Reflections

Finding Civic Duty In Reconciliation: Part of the “As This Jesuit Sees It” Series

Written by Rev. Matthew Carnes S.J., an associate professor of Government and Director of the Center for Latin American Studies. This article originally appeared on November 11th, 2016, in the Hoya and can be found online here“As This Jesuit Sees It” appears every other Friday in the Hoya.

During my Sunday morning run, the words of the scrawled graffiti script leapt out at me: “The revolution will not be Snapchatted!” It was a jarring proclamation, and it shocked me out of the nervous rumination on the presidential election, just two days away then, that had dominated my thinking during the run.

I understood the graffiti’s message: Really big things, like social change or the construction of a national community, cannot be reduced to a couple eye-catching images or clever turns of phrase. Real progress and real meaning emerge from a long, committed process, more than secondslong glimpses that disappear, by design, from our phones.

The graffiti forced me to pull back and take the long view. I reflected on my more than four decades of life and was struck by the long path of change and progress in our nation, at a time in which our community has slowly, even if sometimes reluctantly, seen the arc of its history bend toward justice.

At Georgetown, we feel intimately connected to this process. With our home here in Washington, D.C., the political process seems to flow in our bloodstream. We welcome leaders onto campus, serve in congressional offices and volunteer in political campaigns. We walk the memorials, inspired by the words and memories enshrined in them.

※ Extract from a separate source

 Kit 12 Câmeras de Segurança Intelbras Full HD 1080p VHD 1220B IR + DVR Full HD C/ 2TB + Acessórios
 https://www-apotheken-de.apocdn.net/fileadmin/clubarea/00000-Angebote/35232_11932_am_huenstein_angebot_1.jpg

And like citizens throughout the country, we had the opportunity to stand in line and cast our votes on Tuesday. I was there along with my students, and I could feel their excitement and nervous energy. That evening, I hosted students in my apartment, and together we watched as returns came in. Energy surged and ebbed as the results became clear, with nearly everyone surprised at the outcome.

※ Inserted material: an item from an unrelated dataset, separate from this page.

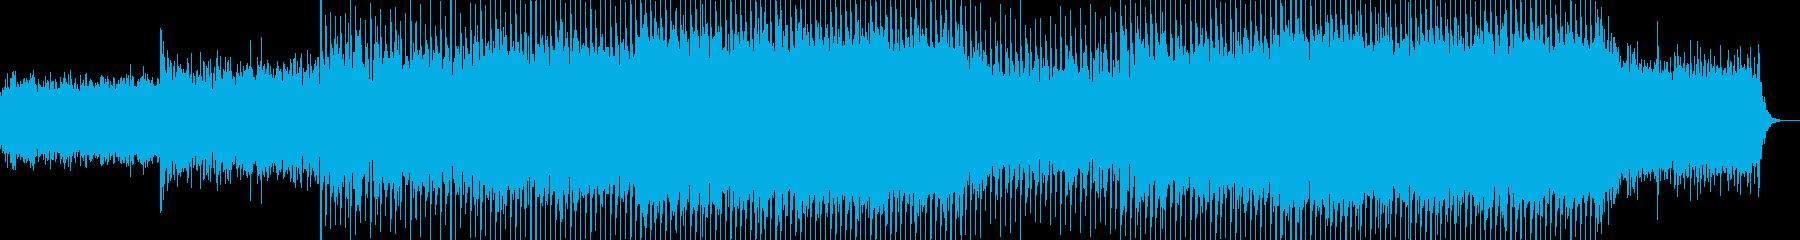 EDMポップで明るいクラブ系-39の再生済みの波形

It was a profoundly important moment, and an exhausting one. There is a temptation to simply Snapchat it, to come up with the perfect summary phrase, send it out to friends who will laugh or cry — or both — along with us, then let it fade as the pressures of school and work and social lives take hold of our energies. But our Jesuit values here at Georgetown remind us that we are part of something bigger than an election, and that the real measure of our efforts comes not simply by
casting a vote, but through our work over the long haul.

Now, the real work of citizenship begins as we continue to champion the causes that brought us out to vote, listen to voices of others and lean our shoulders into the hard work of reconciliation. We can draw inspiration from Georgetown’s efforts to respond to our legacy of slaveholding and racial discrimination, which has pushed us to take a hard look at reality and pour our hearts into addressing the breaches that have characterized our social fabric for too long.

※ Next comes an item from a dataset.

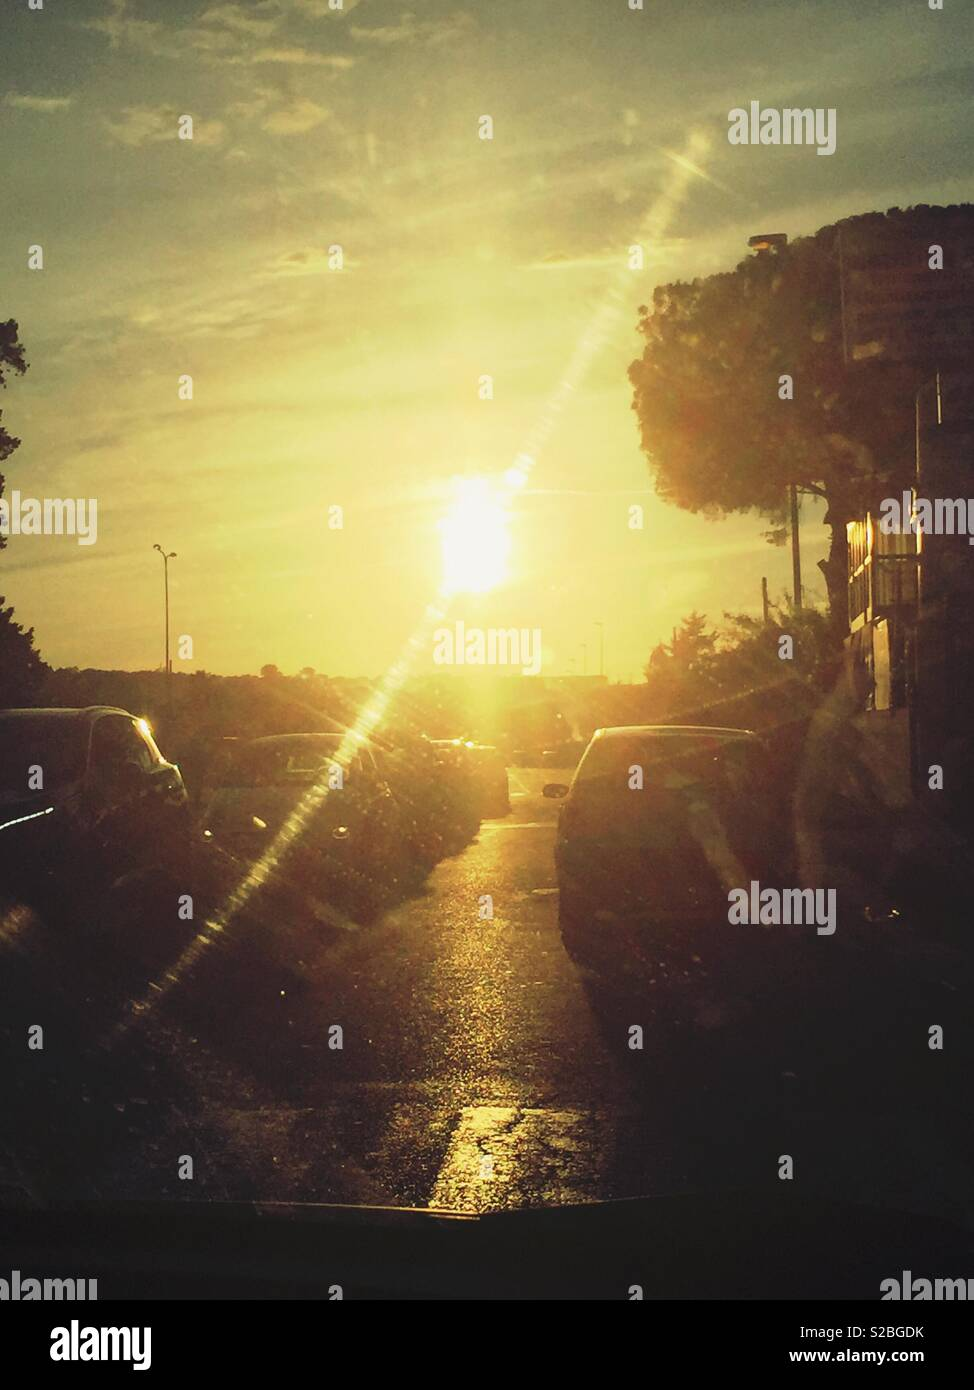 Traffico sul tramonto - Stock Image

With hope, respectful dialogue and constructive dissent, we now have the task of contributing to the next steps our nation will take, and we will be at our best when we foster the unity in diversity that is at the center of our mission. What we do here matters, and it deserves nothing less than our full selves.

So today, resist the temptation to leave the energy of the election behind. We become who we hope to be not in a single moment of victory or defeat, but in the community we form over the long haul. Be a part of the political change and reconciliation that is the work of this generation, for it will not be Snapchatted.